Lloyd’s doing “great job” in addressing emerging risks, says Ascot’s Brooks

Lloyd’s has already done “a great job” of addressing emerging risks and the market will continue to play “an instrumental part” in helping society come up with solutions to manage new and evolving exposures, Ascot Group CEO Andrew Brooks believes.

Andrew Brooks - Ascot – Part 2

Talking to The Insurer TV as part of #ReinsuranceMonth, Brooks, who also serves as CEO of Ascot Underwriting, said the nature of Lloyd’s and its subscription market means that One Lime Street’s participants can “come together and look at ideas without having to put huge amounts of capital and capacity in one product”.

Brooks gave the recent examples of the pandemic-related non-damage business interruption solution ReStart, Parsyl and its global health risk facility to support Covid-19 vaccine distribution and New Zealand earthquake-focused parametric specialist Bounce as examples of how Lloyd’s has created innovative client solutions.

The Future at Lloyd’s strategy really kicked off the market’s push to become more innovative, Brooks said.

But while Brooks said Lloyd’s has done well to meet the challenge posed by emerging risks, more work is still needed.

“Look at all of these cat losses that are happening … The delta between the economic loss and the insured loss is getting wider and wider. At some point, not just Lloyd’s, but the whole market needs to innovate and think about how we come together to solve that,” he said.

Andrew Brooks, CEO of Ascot Group and Ascot Underwriting Ltd

One area in which Lloyd’s has collaborated with those beyond One Lime Street is the newly formed Sustainable Markets Initiative Insurance Task Force.

“It’s managed to pull together people who are actually in Lloyd’s and those such as Allianz who sit outside of Lloyd’s,” he said.

“[It] just shows you that people realise if we do come together, we’re going to be a far more powerful industry to try and solve these problems that are in the environment right now.”

When it comes to managing climate change risk though, Brooks said it would be “unfair” for the (re)insurance industry to rely solely on models.

“No one can foresee what’s going to happen with climate,” Brooks said, and gave the recent example of Hurricane Ida and the widespread flooding it caused in northeastern states after it had already generated vast losses after making landfall in Louisiana.

“We as an industry need to manage our risk better internally and risk manage better and have a risk management culture that doesn’t just rely on models,” Brooks said.

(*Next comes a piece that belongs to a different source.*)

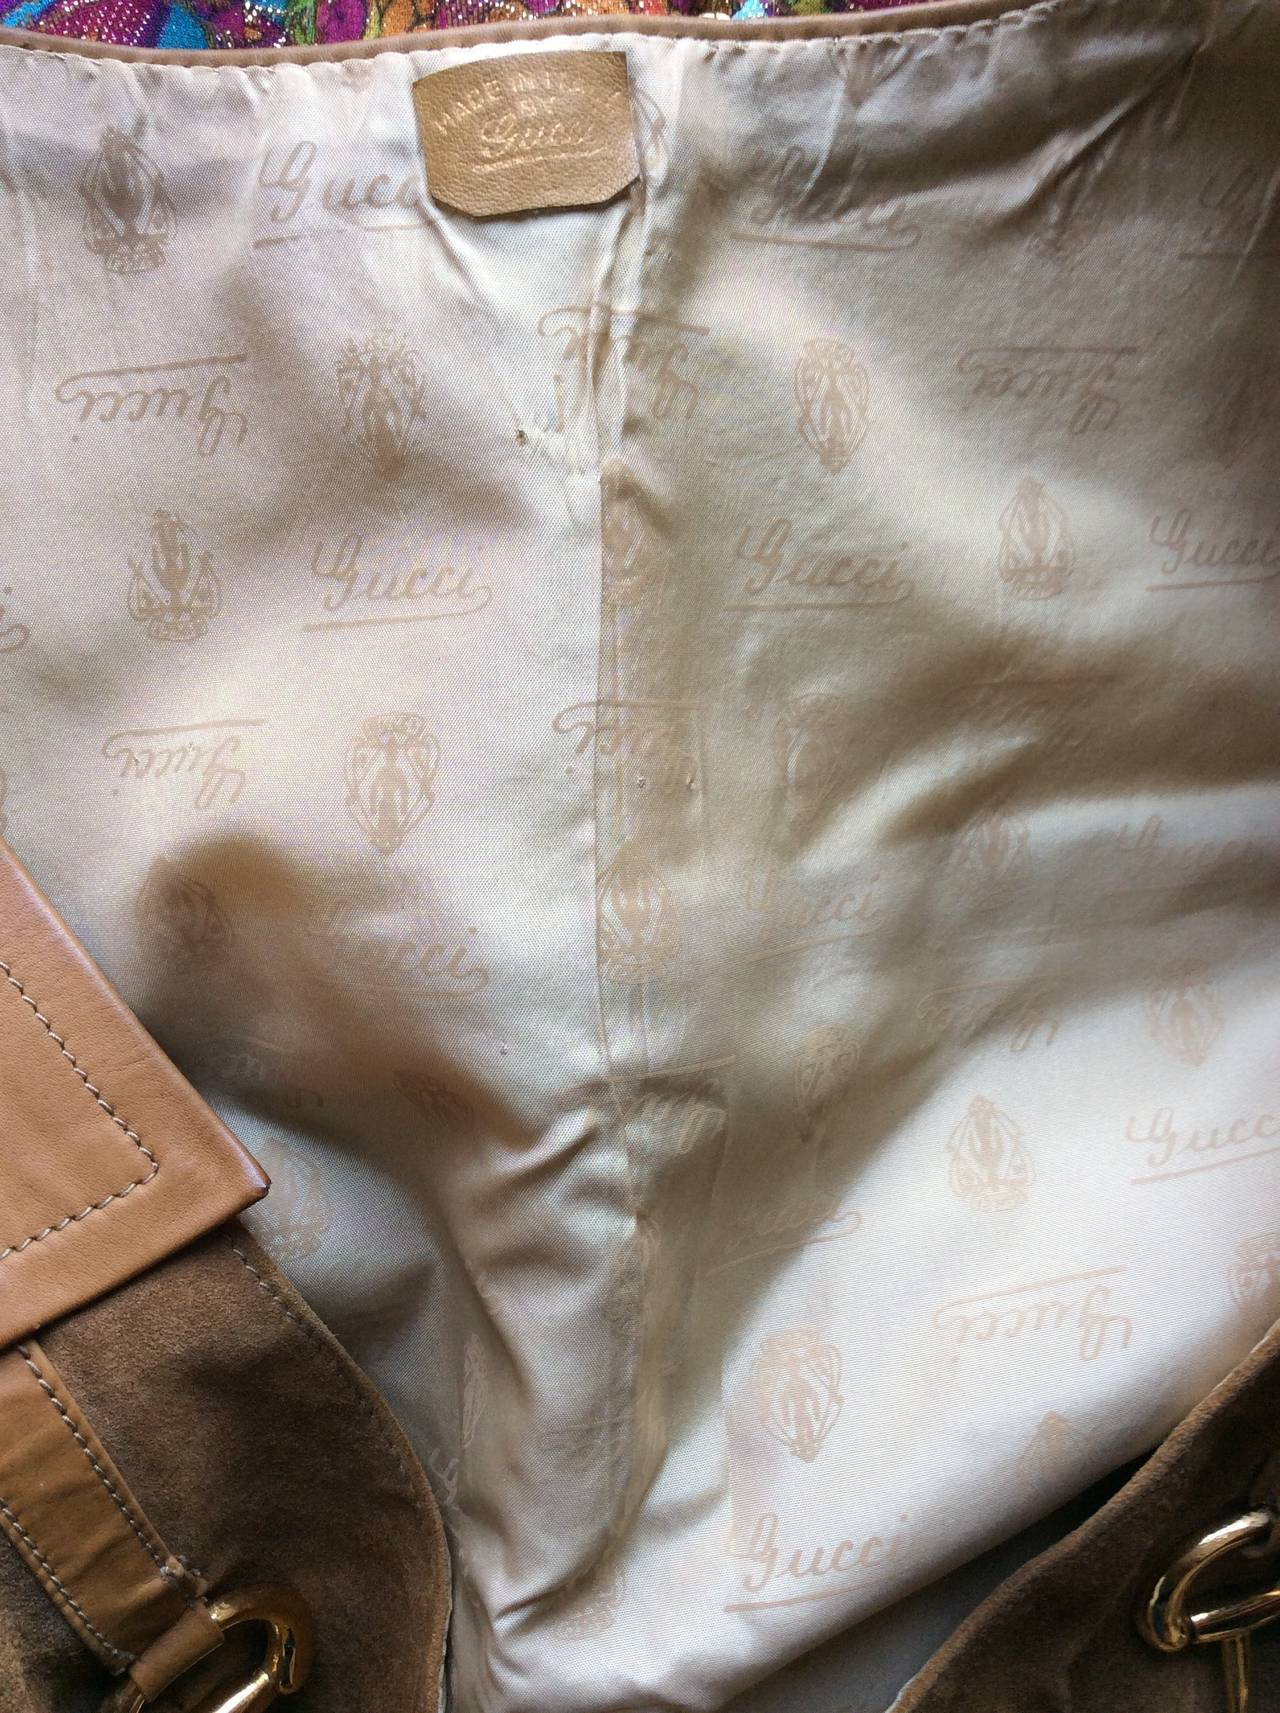 Rare Vintage 1960s Gucci Tan Leather Horsebit A - Line Space Age Dress 7

“We need to be at the forefront of going ‘okay, how can we protect it and what can we do?’.”

While the executive urged the industry to consider how it deals with rising seas and wildfire accumulations, he also predicted that the next major issue for society to contend with will be drought.

“Everyone talks about flood, but drought is even worse of a problem,” he said.

“We’ve seen what severe famines do when they happen in Africa … It’s very difficult, but we need to all come together and work together and find a way [to manage it].”

In part one of our interview with Andrew Brooks, he warns that the global reinsurance sector is failing to cover its cost of capital despite successive years of rate hardening. Click here to watch it in full.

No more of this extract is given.